It also offered a glimpse of a new way to be an opposition party in Parliament: using political office as a platform for movement organising, rather than a press release and speech production line.
There has never been a better opportunity. Te Pāti Māori expertly harnesses the unprecedented engagement by younger audiences on social justice issues, primed by social media to mobilise in direct action, by Black Lives Matter and the Gazan conflict abroad and Ihumātao at home, with greater penetration into the mainstream consciousness than ever before.
It’s up to Luxon to now course-correct the narrative of his Government on these issues. He entered politics to be a uniter, not a divider. Yesterday was the beginning.
The speech from the throne, delivered on Luxon’s behalf by the Governor-General, mentioned “working with iwi” a mere minute in.
Discussing health reforms, “emphasis will shift to the frontline. Services will be delivered on the basis of need” by “iwi and community groups who have the best reach into the communities” they serve.

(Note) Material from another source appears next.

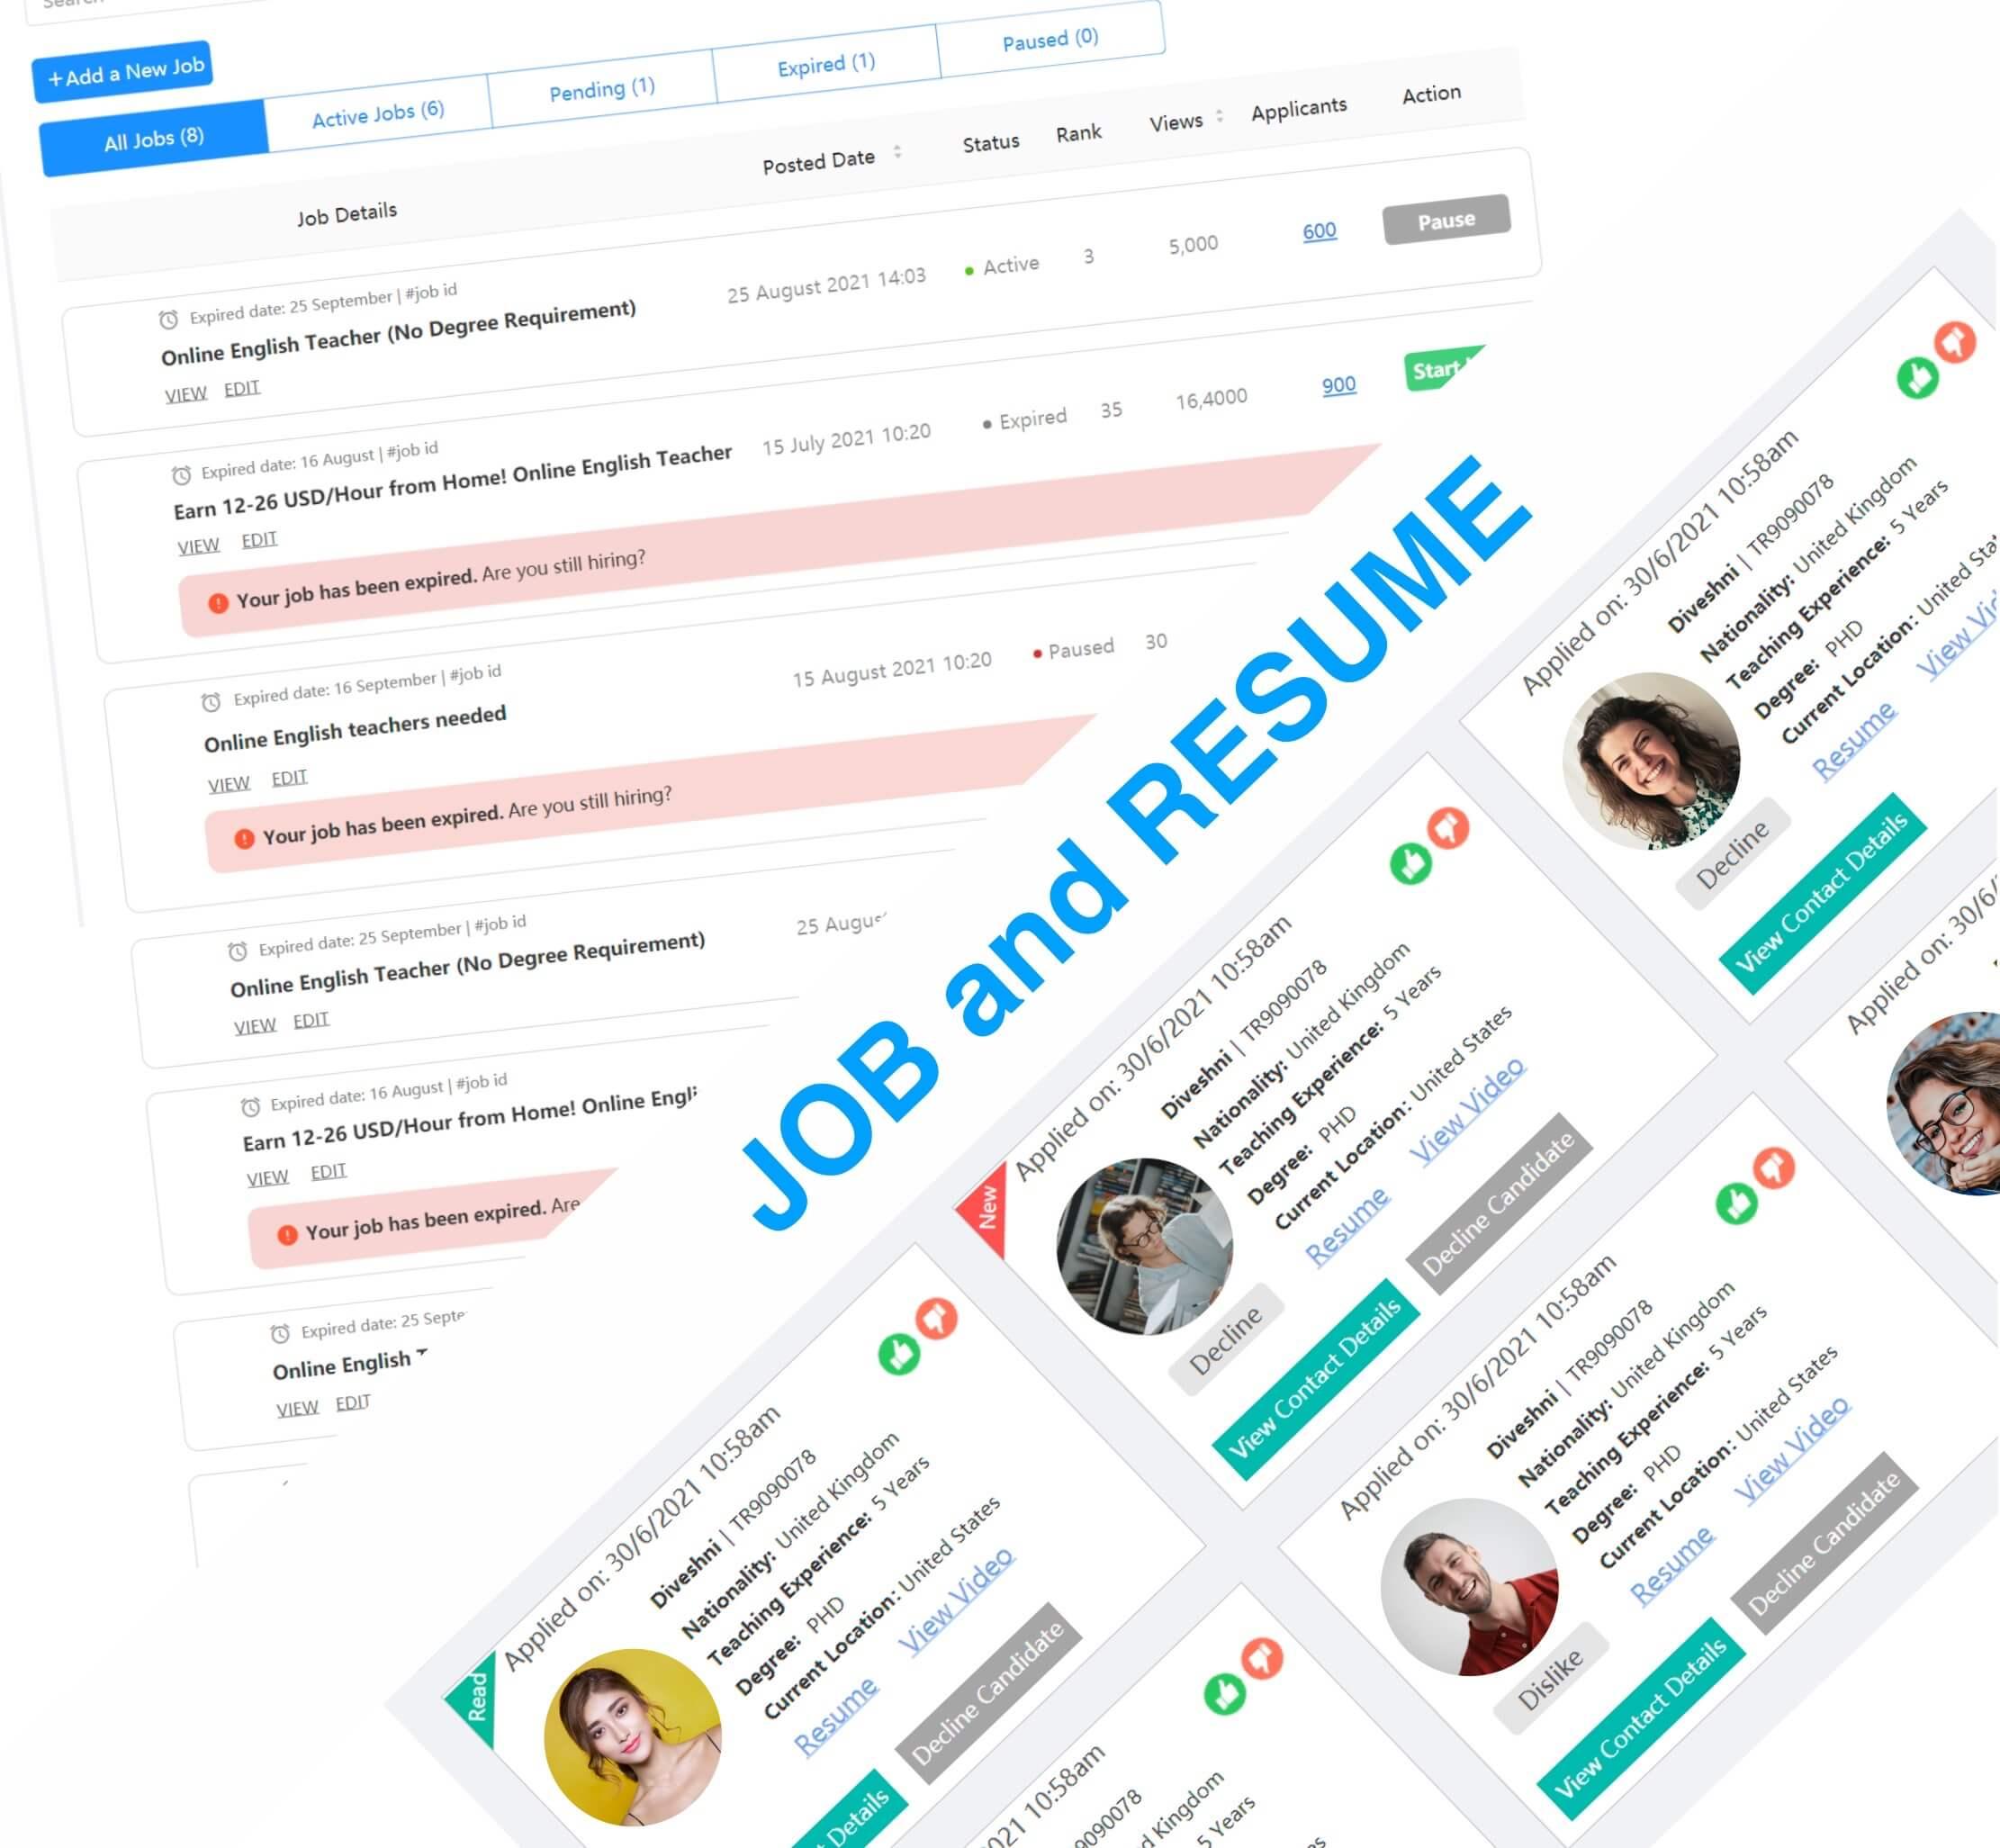 JOB and RESUME - TeacherRecord

Luxon is well aware there are deeply rooted links between need and race in New Zealand. The Prime Minister and his Cabinet are not blind to the fact that there is plenty of need in New Zealand, that much of it is rooted in particular communities, and that these communities often have particular demographic profiles, and they will often be best addressed by iwi.
There will be no mass cancellation of contracts with Māori services. More likely, there will be expansion.

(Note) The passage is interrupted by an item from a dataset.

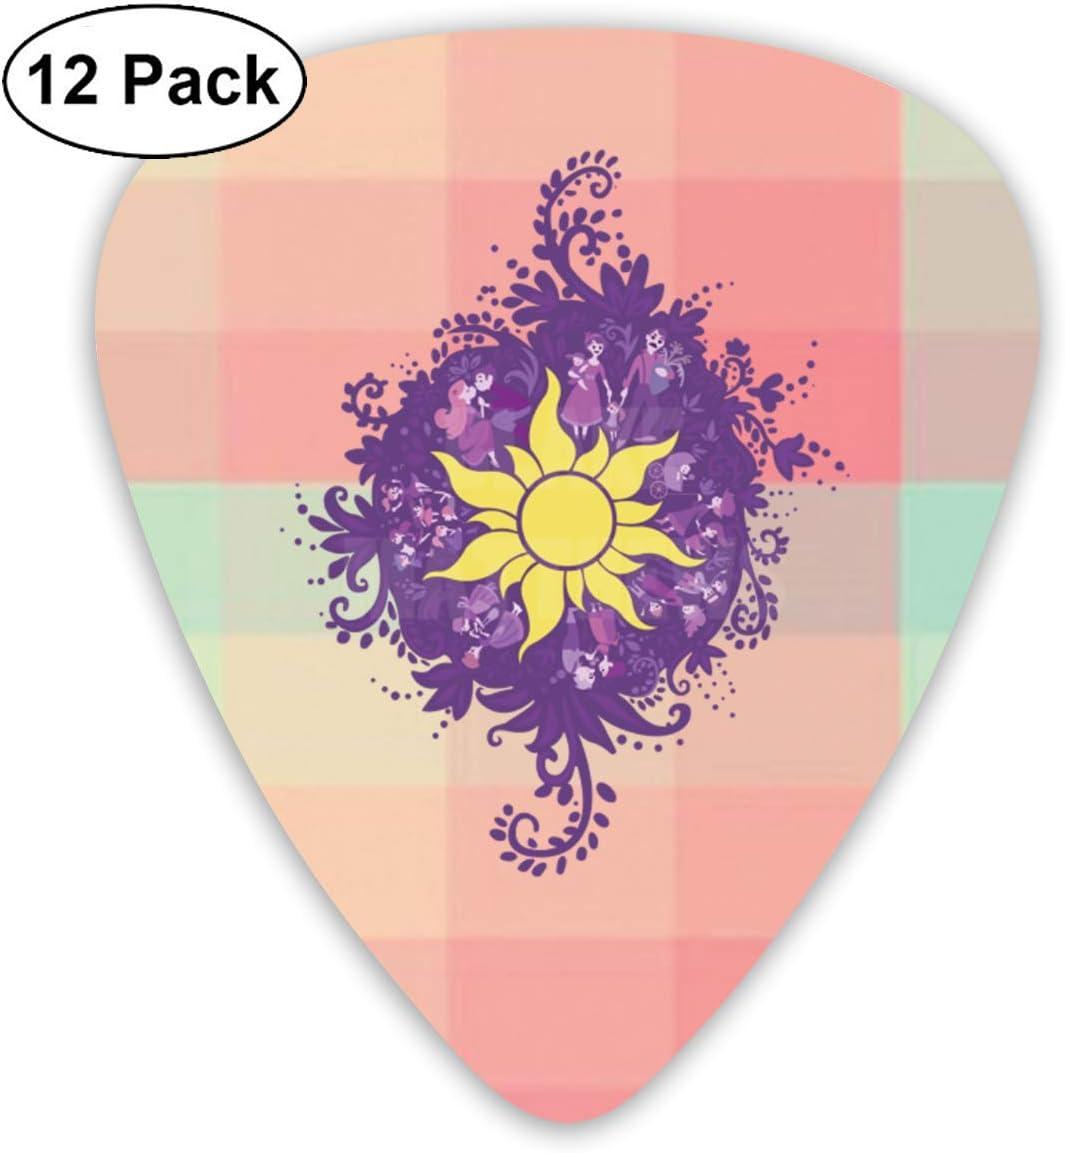 Tuiu Tangled Sun Symbol 12 Pack Classic Guitar Picks Plectrums For Electric Guitar Original Voice Guitar Mandolin And Bass Amazon Co Uk Musical Instruments

He has focused his messaging on the benefits of improving under-performing public services for everyone, including Māori. This is incidentally the same pitch Willie Jackson and Labour used against the Māori Party Version 1.0 contrasting its focus on constitutionalism with the struggles of Māori at the flax roots.
However, aside from mood and tone, some landmines remain. A review of legislative provisions requiring government or other bodies to act in accordance with the principles of the Treaty of Waitangi is a potential flashpoint. NZ First may get some quick wins. Why, for instance, is there is a Treaty clause in the Education (Domestic Tertiary Student and International Student Contract Dispute Resolution Scheme) Rules of 2023?
But courts have recognised rights as a result of Treaty clauses in more significant legislation, including the Resource Management Act, the Crown Minerals Act, and the Conservation Act.
Not coincidentally, these are also the areas where even conservative readings of the Treaty in any language guaranteed rights to local Māori chiefs in their lands. It would be an extraordinary step for the Crown to do anything in its review other than codifying those rights in law.
Reviewing the legal test for customary title under the Marine and Coastal Area (Takutai Moana) Act is by definition fraught with risk; the original foreshore hikoi is the standard against which all Māori protest has been measured for the past 18 years. Luxon will have to confront these issues head-on, because as soon as Parliament resumes next year the Kingitanga will be holding a hui to discuss its next steps. Waitangi looms after that. The PM has one of his most important sales jobs yet.